令和4年度(2022)構造一級建築士試験 解説【法適合確認 No.3】

構造設計一級建築士試験の過去問解説シリーズ。今回は 令和4年度(2022) 法適合確認 No.3 を取り上げます。

今回のテーマは 「建築基準法における地震力」
地震荷重は構造設計の根幹であり、試験問題でも毎年必ず触れられる重要分野です。
一見シンプルな記述問題に見えますが、実務でもよく問われる「積雪荷重の扱い」「屋上工作物」「仕上げ材の検討」など、現場で迷いやすいテーマが含まれています。

この記事では問題文と解答を振り返りながら、実務での注意点にも触れて解説していきます。

問題

建築基準法における地震力に関する次の記述のうち、最も不適当なものを選び、不適当とする理由を述べよ。

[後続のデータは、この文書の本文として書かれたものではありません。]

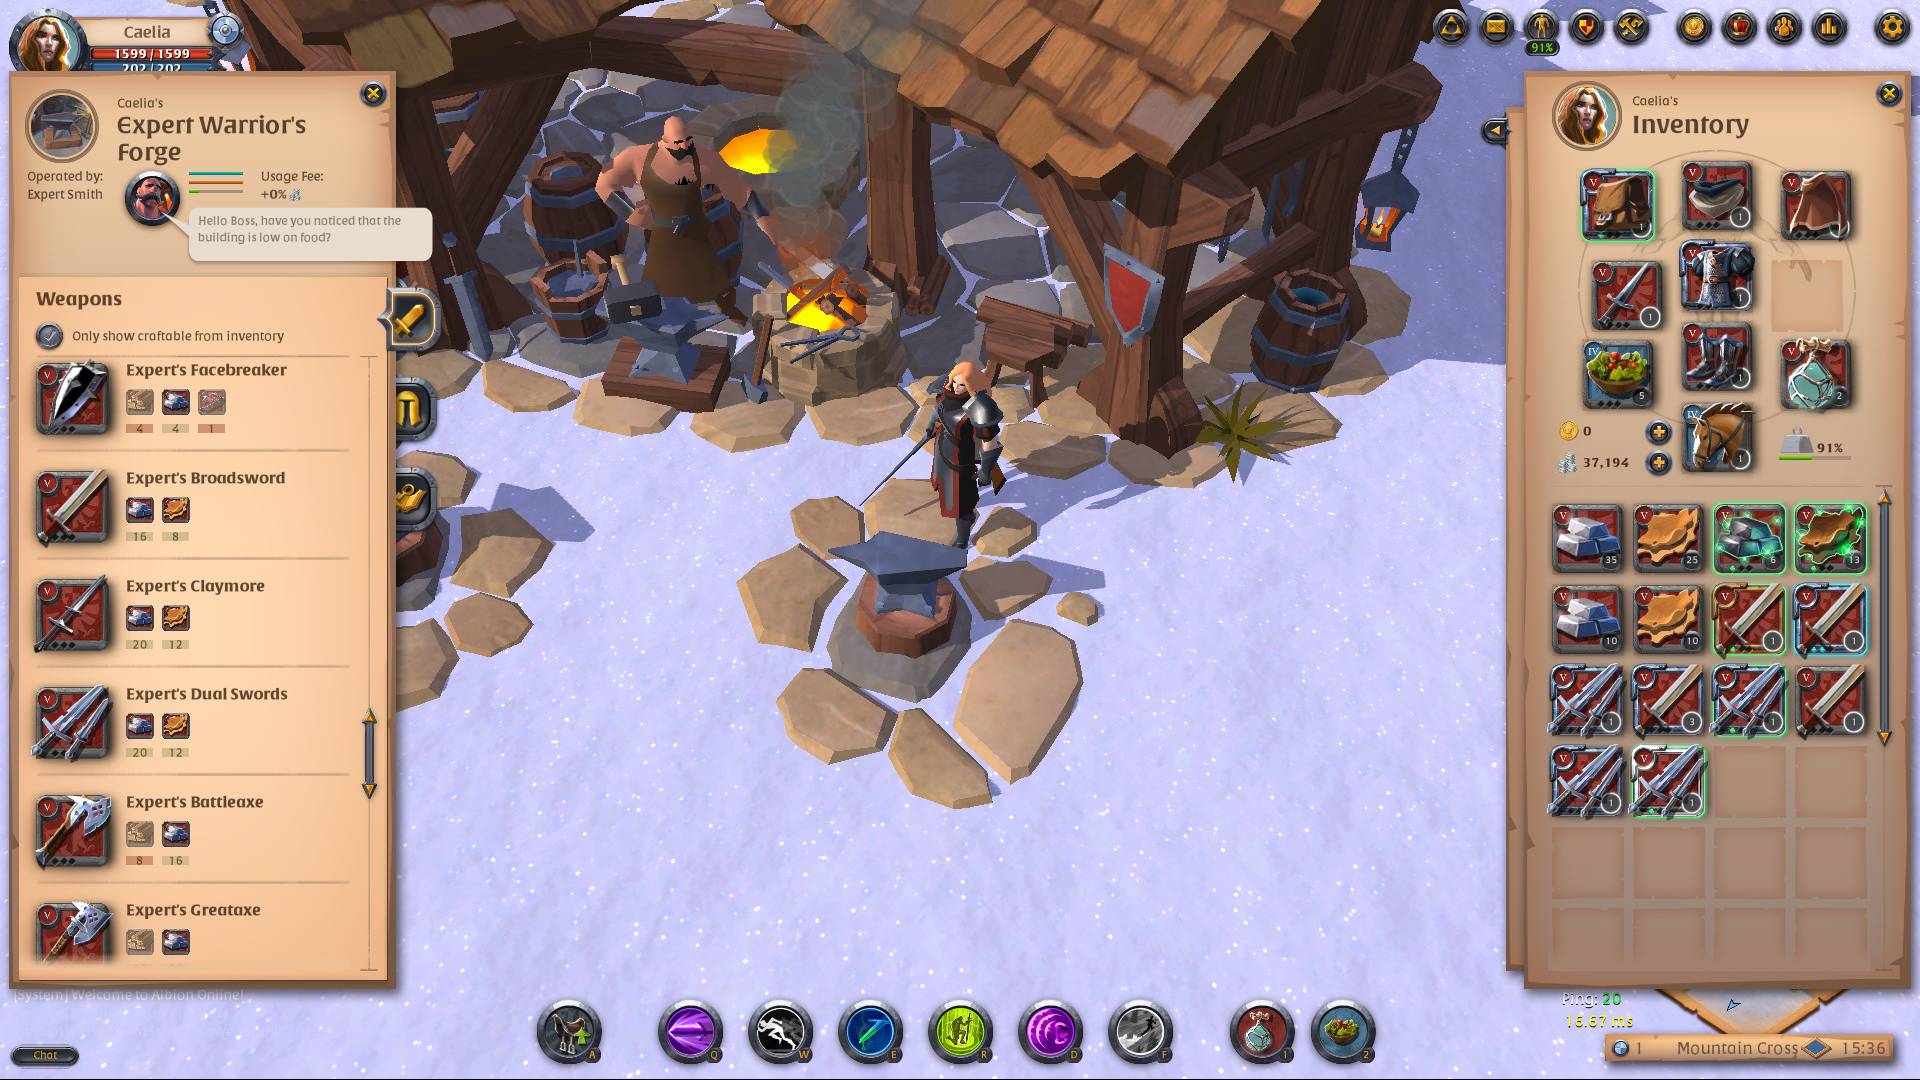 I migliori giochi per PC gratuiti: Albion online. L'immagine mostra un personaggio in piedi fuori da una casa in una giornata nevosa, con un sacco di gioco

1.高さが60mを超える超高層建築物については、建築物の供用期間中稀に発生する地震動(数度は経験することが予想されるレベル)及び極めて稀に発生する地震動(安全上検討が必要な最大級レベル)に対して検討する。
2.建築基準法第20条第1項第二号の建築物の屋上から突出する水槽で、取り付け部からの高さが2m以下の場合、地震力に対する検討は不要である。
3.建築物の地震力について、地震層せん断力係数を乗じる荷重の算定にあたり、特定行政庁が指定する多雪区域内においては、固定荷重及び積載荷重のほか、積雪荷重を加えるものとする。
4.限界耐力計算を採用した建築物の屋根ふき材は、風圧力に加え、地震力に対する検討も必要である。

解答

不適当なのは「2」

解説

選択肢1

正しい。
高さ60m超の超高層建築物は、時刻歴応答解析を行い、下記のレベルでの検討を行うことが、建築基準法で規定されています。(大臣認定ルート)

  • 「稀に発生する地震動」(供用期間における数度経験レベル)
  • 「極めて稀に発生する地震動」(供用期間における安全性上最大級レベル)

選択肢2

誤り。
下記の建築物の屋上から突出するものは構造計算が必要となる。(平12建告第1389号)

高さによる規定はなく、取り付け高さが2m以下であっても免除はない。

  • 水槽
  • 冷却塔
  • 煙突
  • その他これに類するもの

選択肢3

正しい。
特定行政庁が指定する多雪区域では、地震力の算定における重量に積雪荷重(短期積雪荷重の0.35倍)を加える必要があります。

選択肢4

正しい。
限界耐力計算を採用した場合でも、屋根ふき材は風荷重と地震荷重の両方で脱落の検討が必要です。
(令82条の5第七号、平12建告第1457号第11)

実務のポイント

屋上に設置する設備架台や塔屋などは、地震力を水平震度1Gとして検討を行います。

一貫計算モデルでは階をPH階と設定すると自動で地震力が1Gとなるソフトもあるので、計算条件も一緒に確認しておきましょう。

まとめ

今回の問題は、
「屋上設備は高さに関係なく検討が必要」
という点を押さえていれば迷わず正解できます。

地震荷重に関する規定は「条文知識」だけでなく、実務での安全検討に直結する内容です。
試験勉強とあわせて、普段の業務でも「荷重をどう考慮するか」を整理しておくと良いでしょう。